With contextual embeddings, the representations change depending on the context; let's see that in action by looking at the sentences where the target word embeddings have the greatest similarity.

In [None]:
def nearest_neighbors(vec, matrix, k=10):
    cos_sim = ((vec @ matrix.T) / (vec.norm() * matrix.T.norm(dim=0, keepdim=True))).squeeze()
    inds = torch.argsort(-cos_sim)[:k]
    return inds, cos_sim[inds]

def show_nearest_neighbor_sentences(index, embeddings):
    print(f"QUERY (target word={items[index]['word']}):")
    print(" ".join(items[index]["sentence"]))

    print("NEIGHBORS:")
    inds, _ = nearest_neighbors(embeddings[index], embeddings, k=5)
    for ind in inds:
        print("-", " ".join(items[ind]["sentence"]))

<!-- BEGIN QUESTION -->

**Answer the following question**
1. Identify at least two different contexts in which the target word `promotion` appears. Include the query sentence, one nearest neighbor (not the query), and the ID of the query sentence.

_Type your answer here, replacing this text._

In [None]:
show_nearest_neighbor_sentences(2, embeddings)

<!-- END QUESTION -->

## Attention masking

Let's take a closer look at how attention masks affect the output of the masked language model.

Consider embedding these two sentences which only differ in one token. We modify the attention mask to ignore this token.

In [None]:
custom_items = [
    dict(word="cat", sentence="Have you fed your cat yet ?".split()),
    dict(word="dog", sentence="Have you fed your dog yet ?".split())
]

model_inputs = collate(custom_items, device=device)
# ignore the tokens located at token_indices for each data point
model_inputs["attention_mask"][[0, 1], model_inputs["token_indices"]] = 0
model_inputs

<!-- BEGIN QUESTION -->

**Answer this question**: (you can add cells and run code to arrive at the answer)
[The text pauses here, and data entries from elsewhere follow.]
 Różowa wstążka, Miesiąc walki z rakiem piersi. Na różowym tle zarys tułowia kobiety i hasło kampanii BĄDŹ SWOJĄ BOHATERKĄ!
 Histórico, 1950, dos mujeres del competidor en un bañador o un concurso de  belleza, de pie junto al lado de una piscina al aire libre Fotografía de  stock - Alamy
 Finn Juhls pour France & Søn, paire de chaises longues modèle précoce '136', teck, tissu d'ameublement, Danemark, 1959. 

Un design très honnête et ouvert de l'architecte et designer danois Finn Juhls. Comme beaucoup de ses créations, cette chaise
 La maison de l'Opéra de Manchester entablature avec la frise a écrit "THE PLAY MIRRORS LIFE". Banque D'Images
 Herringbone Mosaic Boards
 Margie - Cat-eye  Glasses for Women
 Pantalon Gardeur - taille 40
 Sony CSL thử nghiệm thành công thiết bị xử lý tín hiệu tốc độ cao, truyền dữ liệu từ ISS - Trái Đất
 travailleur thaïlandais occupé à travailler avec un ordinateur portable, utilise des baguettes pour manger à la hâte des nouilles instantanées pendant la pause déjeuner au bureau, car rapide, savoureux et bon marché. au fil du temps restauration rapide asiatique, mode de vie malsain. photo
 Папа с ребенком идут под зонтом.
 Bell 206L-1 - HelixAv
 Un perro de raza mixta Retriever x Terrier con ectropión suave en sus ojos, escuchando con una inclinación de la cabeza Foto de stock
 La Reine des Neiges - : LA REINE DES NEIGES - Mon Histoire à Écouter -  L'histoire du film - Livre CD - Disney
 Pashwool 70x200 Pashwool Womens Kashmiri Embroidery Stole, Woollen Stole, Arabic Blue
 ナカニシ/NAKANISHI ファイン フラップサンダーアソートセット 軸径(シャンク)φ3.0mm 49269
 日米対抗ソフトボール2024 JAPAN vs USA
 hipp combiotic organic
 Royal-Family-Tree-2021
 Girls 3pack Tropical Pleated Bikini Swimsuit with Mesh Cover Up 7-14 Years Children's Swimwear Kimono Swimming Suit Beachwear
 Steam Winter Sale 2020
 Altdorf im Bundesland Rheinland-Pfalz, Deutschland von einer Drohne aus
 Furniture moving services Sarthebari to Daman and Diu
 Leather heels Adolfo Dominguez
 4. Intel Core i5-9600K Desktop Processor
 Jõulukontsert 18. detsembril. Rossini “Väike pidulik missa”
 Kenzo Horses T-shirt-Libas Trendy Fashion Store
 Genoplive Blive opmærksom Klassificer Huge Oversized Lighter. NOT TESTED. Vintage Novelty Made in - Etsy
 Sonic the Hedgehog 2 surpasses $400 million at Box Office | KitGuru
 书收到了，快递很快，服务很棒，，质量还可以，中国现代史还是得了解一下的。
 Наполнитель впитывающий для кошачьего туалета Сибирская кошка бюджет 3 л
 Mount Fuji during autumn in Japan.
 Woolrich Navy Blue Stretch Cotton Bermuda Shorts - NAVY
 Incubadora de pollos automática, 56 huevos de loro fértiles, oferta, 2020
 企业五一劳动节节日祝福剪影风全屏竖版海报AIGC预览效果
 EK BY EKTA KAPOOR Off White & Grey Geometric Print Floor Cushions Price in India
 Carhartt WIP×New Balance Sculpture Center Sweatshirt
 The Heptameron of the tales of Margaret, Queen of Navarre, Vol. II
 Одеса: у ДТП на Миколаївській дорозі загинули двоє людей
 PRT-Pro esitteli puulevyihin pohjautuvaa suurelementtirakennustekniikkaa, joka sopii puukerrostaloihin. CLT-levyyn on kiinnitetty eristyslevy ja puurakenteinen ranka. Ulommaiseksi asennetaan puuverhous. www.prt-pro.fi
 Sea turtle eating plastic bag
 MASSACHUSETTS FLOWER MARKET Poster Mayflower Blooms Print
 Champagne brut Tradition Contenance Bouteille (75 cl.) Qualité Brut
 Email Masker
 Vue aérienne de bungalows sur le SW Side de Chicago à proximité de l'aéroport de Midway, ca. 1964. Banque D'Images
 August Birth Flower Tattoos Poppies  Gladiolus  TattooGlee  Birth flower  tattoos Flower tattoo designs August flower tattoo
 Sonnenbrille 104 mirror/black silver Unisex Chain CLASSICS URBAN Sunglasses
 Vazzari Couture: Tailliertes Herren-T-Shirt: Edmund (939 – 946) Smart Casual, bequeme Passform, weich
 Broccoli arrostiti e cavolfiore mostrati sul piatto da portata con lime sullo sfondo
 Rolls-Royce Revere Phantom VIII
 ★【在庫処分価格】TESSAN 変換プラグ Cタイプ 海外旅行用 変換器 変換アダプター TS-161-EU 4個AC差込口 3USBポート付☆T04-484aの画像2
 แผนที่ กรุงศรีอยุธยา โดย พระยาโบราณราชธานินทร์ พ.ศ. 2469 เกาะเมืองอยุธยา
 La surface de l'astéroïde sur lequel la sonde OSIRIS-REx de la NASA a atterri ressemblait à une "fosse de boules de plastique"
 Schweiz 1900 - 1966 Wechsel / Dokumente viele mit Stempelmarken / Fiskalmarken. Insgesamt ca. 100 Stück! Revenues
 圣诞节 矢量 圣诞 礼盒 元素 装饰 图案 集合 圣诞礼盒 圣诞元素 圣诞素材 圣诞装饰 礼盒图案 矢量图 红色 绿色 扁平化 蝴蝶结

If we were to put these inputs through the BERT model, which of the following would be true? For each, explain why or why not.

1. The last layer hidden representation of the target tokens (`cat` and `dog`) would be the same.
2. The last layer hidden representation of the third non-special token (`fed` in both cases) would be the same.
3. The first layer hidden representation and the last layer hidden representation of each target token (e.g., the first and last layer representation of the `cat` token) would be the same.
4. If we mask out everything _but_ the target tokens, the first and last layer hidden representations of each target token would be the same.

_Type your answer here, replacing this text._

<!-- END QUESTION -->

## Upload instructions

Upload your `.ipynb` file (with all of the cells executed so that the outputs are visible) to Gradescope.